Getting Started#

Building rapidsmpf from source is recommended when running nightly/upstream versions, since dependencies on non-ABI-stable libraries (e.g., pylibcudf) could cause temporary breakage leading to issues such as segmentation faults. Stable versions can be installed from conda or pip packages.

Build from Source#

Clone rapidsmpf and install the dependencies in a conda environment:

git clone https://github.com/rapidsai/rapidsmpf.git
cd rapidsmpf

# Choose an environment file that matches your system.
mamba env create --name rapidsmpf-dev --file conda/environments/all_cuda-131_arch-$(uname -m).yaml

# Build
./build.sh

Debug Build#

Debug builds can be produced by adding the -g flag:

./build.sh -g

AddressSanitizer-Enabled Build#

Enabling the AddressSanitizer is also possible with the --asan flag:

./build.sh -g --asan

C++ code built with AddressSanitizer should simply work, but there are caveats for CUDA and Python code. Any CUDA code executing with AddressSanitizer requires protect_shadow_gap=0, which can be set via an environment variable:

ASAN_OPTIONS=protect_shadow_gap=0

On the other hand, Python may require LD_PRELOAD to be set so that the AddressSanitizer is loaded before Python. On a conda environment, for example, there is usually a $CONDA_PREFIX/lib/libasan.so, and thus the application may be launched as follows:

LD_PRELOAD=$CONDA_PREFIX/lib/libasan.so python ...

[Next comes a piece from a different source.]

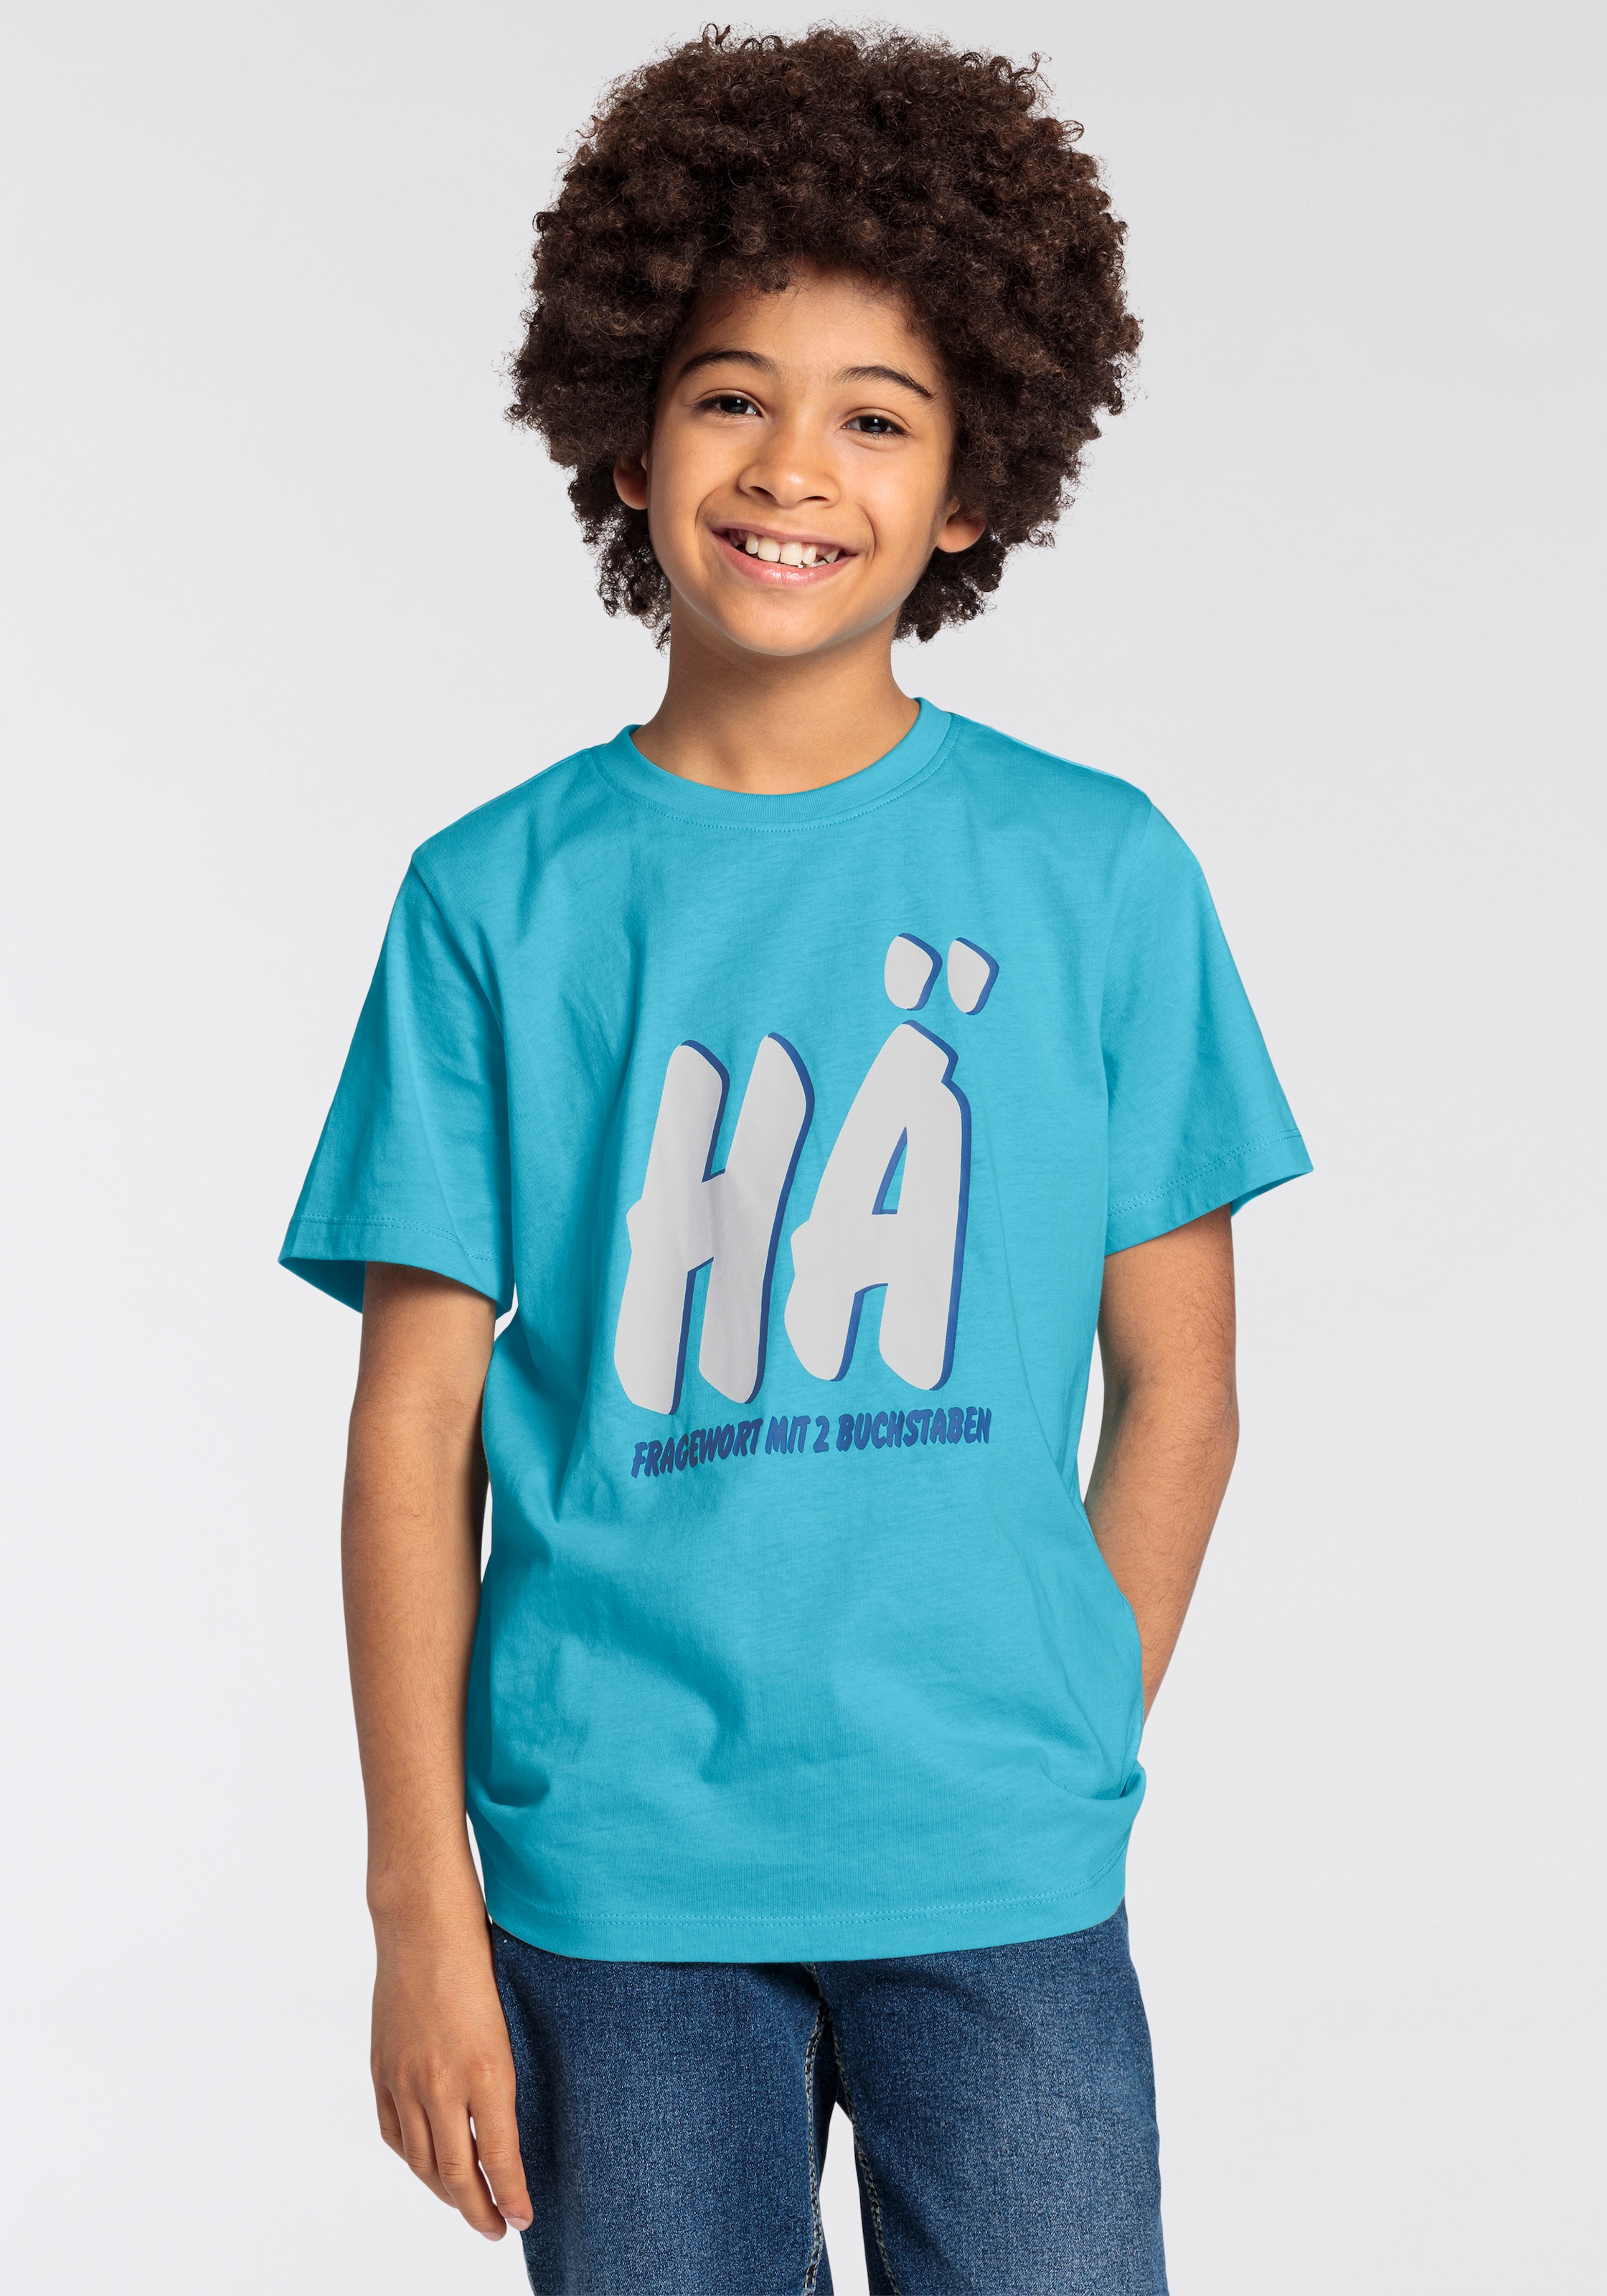 T-Shirt »FRAGEWORT MIT 2 BUCHSTABEN«, Sprücheshirt für Jungen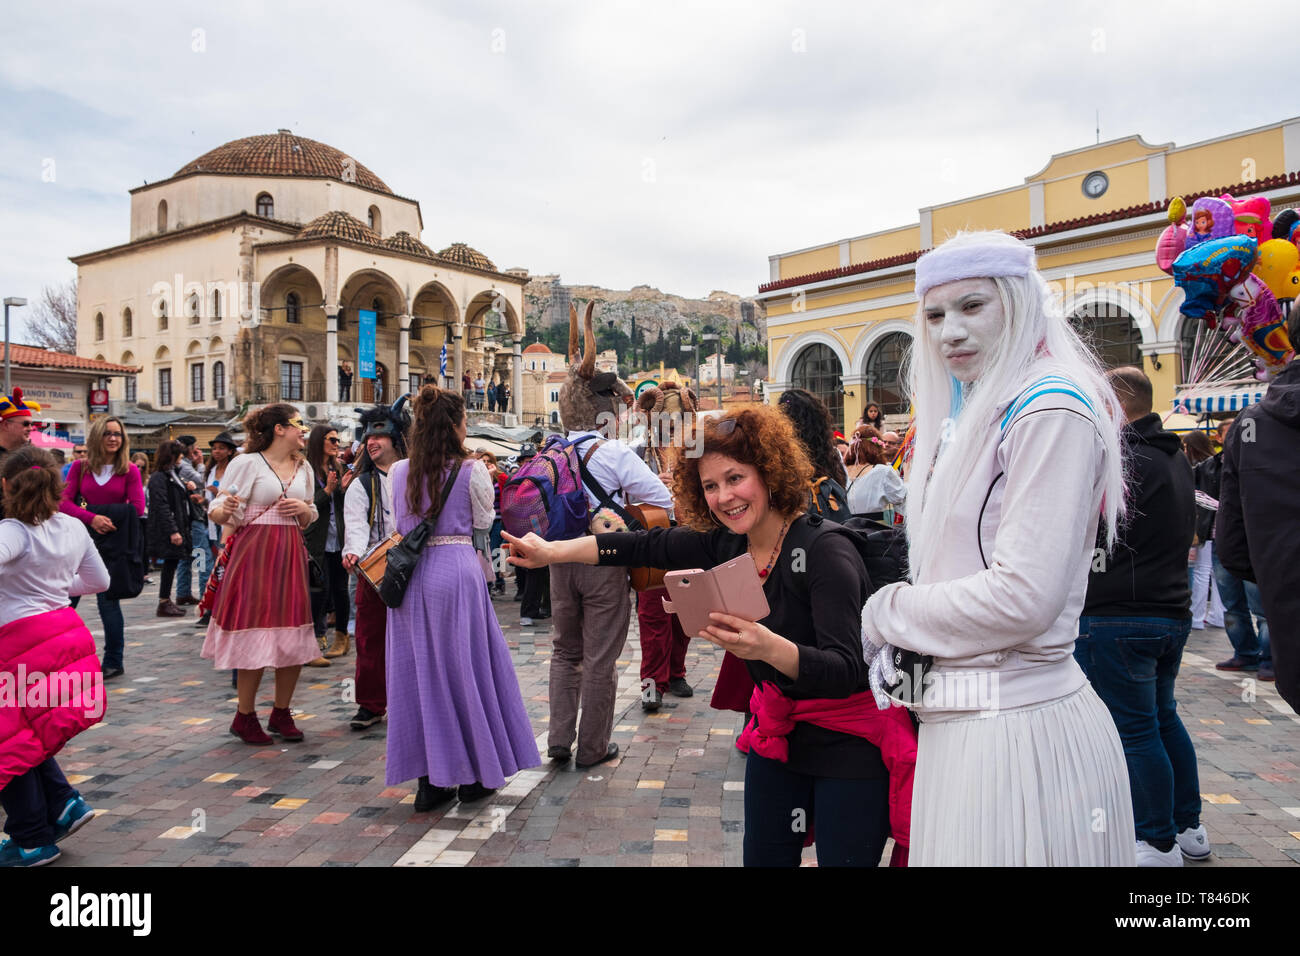 Athens, Greece - March 9, 2019: Greeks celebrating carnival at Monastiraki square in Athens Stock Photo

Python applications using CUDA will require setting both environment variables described above.

MPI#

Run the test suite using MPI:

# When using OpenMPI, we need to enable CUDA support.
export OMPI_MCA_opal_cuda_support=1

# Run the suite using two MPI processes.
mpirun -np 2 cpp/build/gtests/mpi_tests

# Alternatively
cd cpp/build && ctest -R mpi_tests_2

We can also run the shuffle benchmark. To assign each MPI rank its own GPU, we use a binder script:

# The binder script requires numactl: mamba install numactl
wget https://raw.githubusercontent.com/LStuber/binding/refs/heads/master/binder.sh
chmod a+x binder.sh
mpirun -np 2 ./binder.sh cpp/build/benchmarks/bench_shuffle

UCX#

The UCX test suite uses MPI for bootstrapping, so UCX tests must be launched with mpirun:

# Run the suite using two processes.
mpirun -np 2 cpp/build/gtests/ucxx_tests

rrun — Distributed Launcher#

RapidsMPF includes rrun, a lightweight launcher that eliminates the MPI dependency for multi-GPU workloads. This is particularly useful for development, testing, and environments where MPI is not available. See the Streaming Engine documentation for more on the programming model.

Single-Node Usage#

# Build rrun
cd cpp/build
cmake --build . --target rrun

# Launch 2 ranks on the local node
./tools/rrun -n 2 ./benchmarks/bench_comm -C ucxx -O all-to-all

# With verbose output and specific GPUs
./tools/rrun -v -n 4 -g 0,1,2,3 ./benchmarks/bench_comm -C ucxx

See C++ for the full C++ rrun and multi-GPU launch guide.